FIG. 1 illustrates an embodiment of the learned image compression system and process. For encoding, the learned image compression system first provides input image Y to the Main Encoder Network 101 (E) to generate the down-scaled feature maps F1. F1 is provided to the Hyper Encoder Network 102 (h_e) to generate more compact feature maps F2. Stacked deep neural networks (DNNs) utilizing serial convolutions and nonlinear activation are used in both 101 and 102. Non-linear activation functions, such as ReLU (rectified linear unit), PReLU, GDN and ResGDN, map each input pixel to an output. In FIG. 1, GDN and ResGDN are applied in Main Encoder Network 101 and PReLU is used in Hyper Encoder Network 102. Notably, Generalized Divisive Normalization (GDN) based nonlinear transform better preserves the visual sensitive components as compared to other aforementioned nonlinear activations. Thus, GDN can be used to replace or supplement traditional ReLU functions embedded in deep neural network. The quantization 106 is applied to the feature maps F1 and F2 to obtain the quantized features Q(F1) and Q(F2). The arithmetic encoding 107 (AE) is used to encode the quantized feature maps into the binary bit streams based on the probability distribution calculated from the P 109. The arithmetic decoding 108 (AD) is then applied to the binary bit streams to reconstruct the quantized features losslessly.

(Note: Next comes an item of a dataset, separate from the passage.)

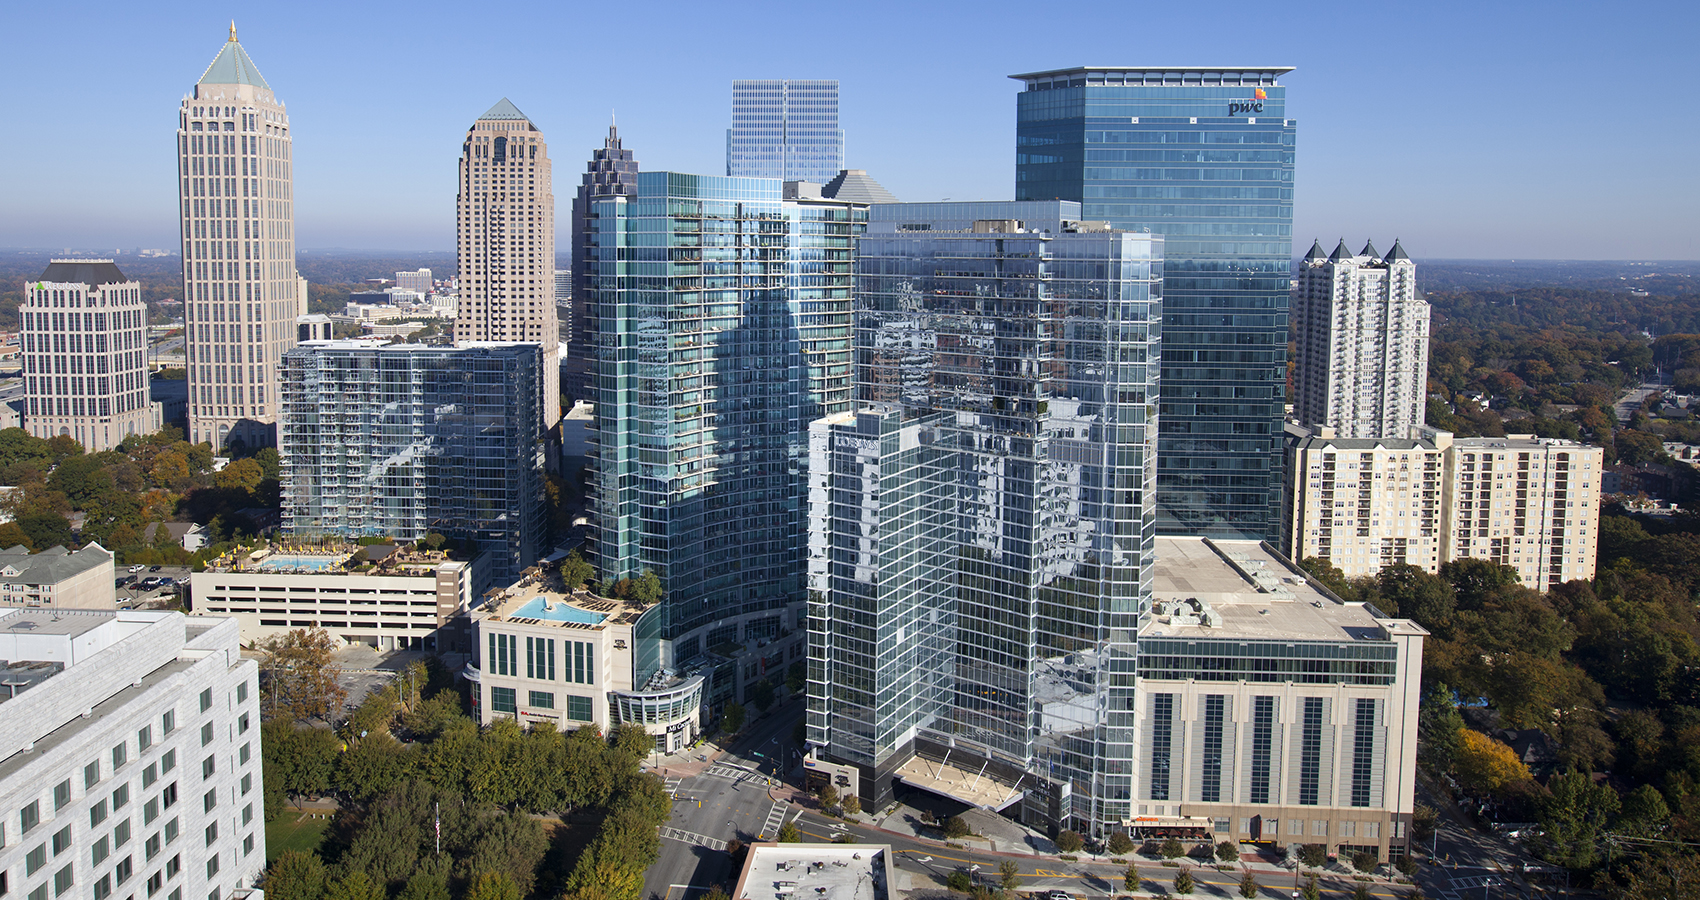 daniel commercial real estate developer and management in

For decoding, the Hyper Decoder Network 103 (h_d) is used to decode the hyperpriors Q(F2) into hyper decoded features F3 at the same dimensional size as the latent features generated from the Main Encoder E for latent feature probability estimation in the Gated 3D context model P 109. The information compensation network (ICN) 105 (I) can transform hyper decoded features F3 into compensated hyper features F4 for information fusion before the final reconstruction. The main quantized features Q(F1) is then concatenated with compensated hyper features F4 and the concatenation is then decoded by the Main Decoder Network 104 (D) to derive the reconstructed image. The Gated 3D context model P 109 is used to provide the probability matrix based on Gaussian distribution assumption for arithmetic coding. For each pixel, it takes the hyper decoded features F3 and autoregressive neighbors in quantized latent features Q(F1) as input and outputs the mean and variance assuming the Gaussian distributed feature elements. The mean and variance have the same dimension as the quantized latent features Q(F1), so it can provide the independent probability for each pixel in the quantized latent features Q(F1).

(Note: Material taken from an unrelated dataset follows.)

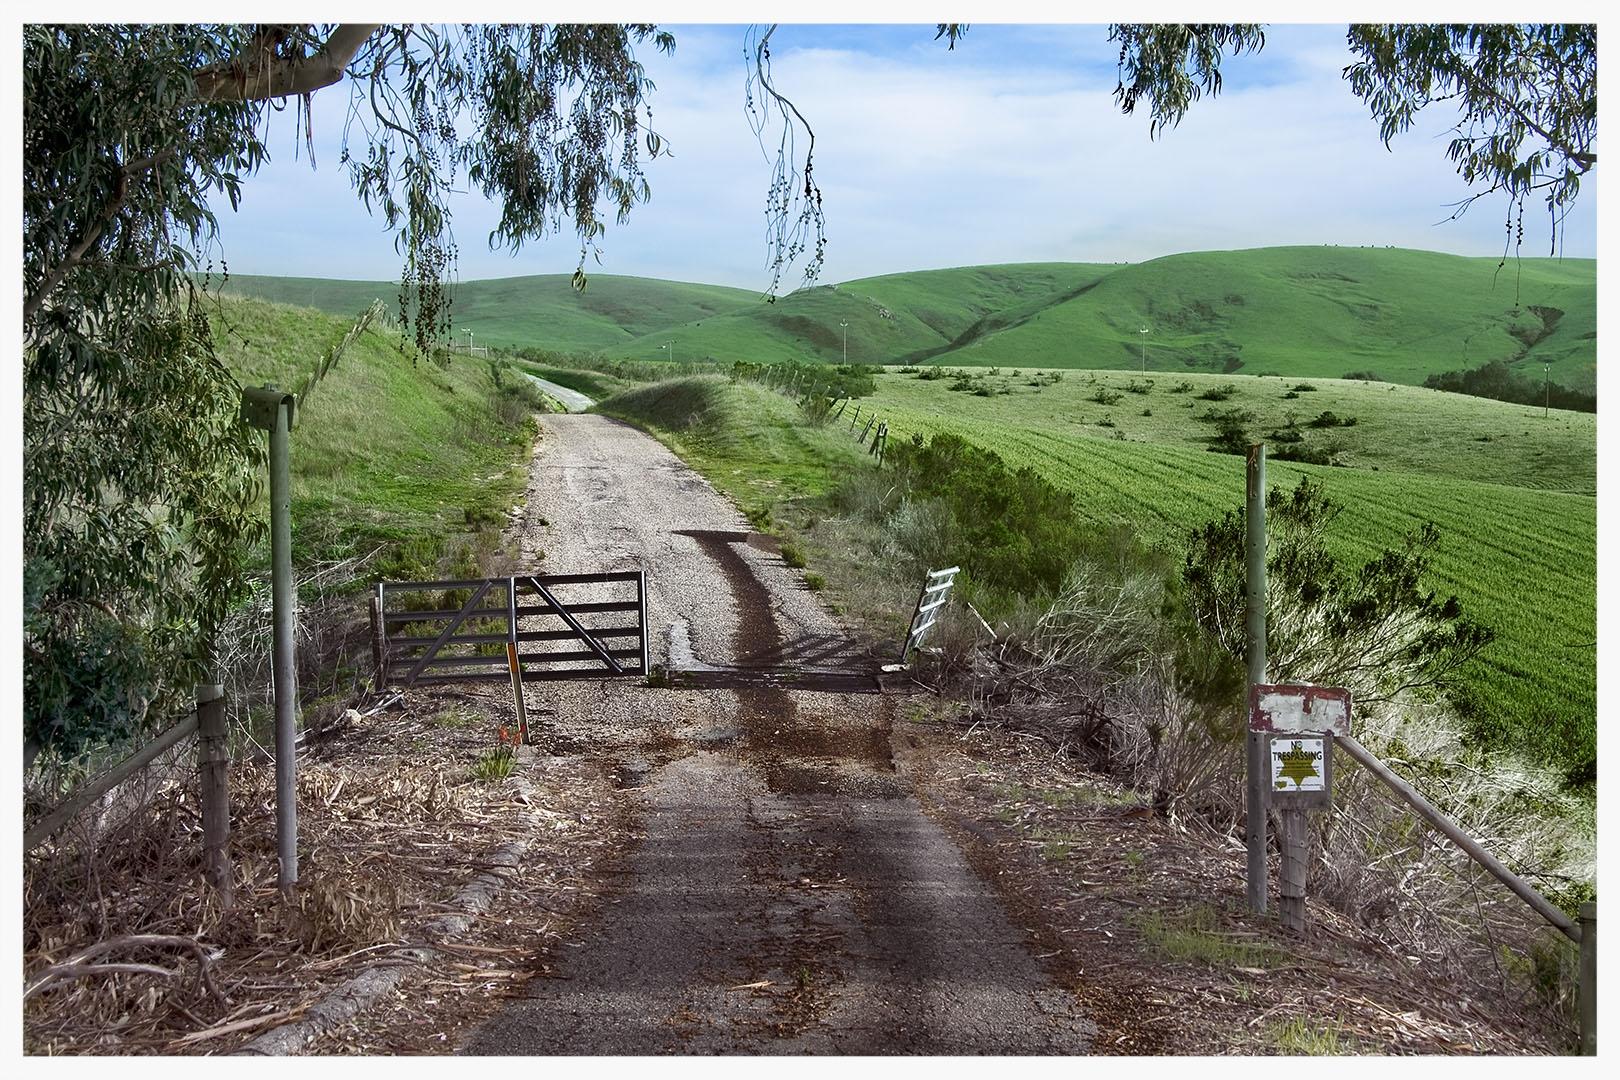 Country Gate, Near Morro Bay, California

In the embodiment depicted in FIG. 1, the Main Encoder Network 101 (E) includes four convolutional layers (Cony N×5×5/2↓), three GDN layers, and three ResGDN layers. Different layers and different number of layers can be applied as well. The convolutional layers denoted as Cony N×5×5/2↓ have N kernels each having a size of 5×5, followed by a down sampling at a factor of 2 at both horizontal and vertical directions. Conversely, in Hyper and Main Decoder Networks 103 and 104, four convolutional layers (Cony N×5×5/2↑) are applied, which each have N kernels each having a size of 5×5, followed by an up sampling with stride 2 for both horizonal and vertical directions. N can be set as 192 and the kernel size and scaling factor can be 5×5 and 2 for an example. They can have other settings as well.
The Hyper Encoder Network 102 applies absolution function (abs) to the feature map (F1) output from the Main Encoder Network 101, followed by three convolutional layers and two PReLU layers. As an example, one Cony N×3×3/1↓, layer is used, which denotes N kernels at a size of 3×3 followed by a 1× downscaling, followed by two Cony N×3×3/2↑ layers, which denote N kernels at a size of 3×3 followed by a 2× upscaling at both horizonal and vertical directions.
Main Decoder Network 104 and Hyper Decoder Network 103 can each have a structure symmetric to Main Encoder Network 101 and Hyper Encoder Network 102 respectively. Correspondingly, downscaling at Encoders is set to use the same scaling factor as upscaling at the Decoders.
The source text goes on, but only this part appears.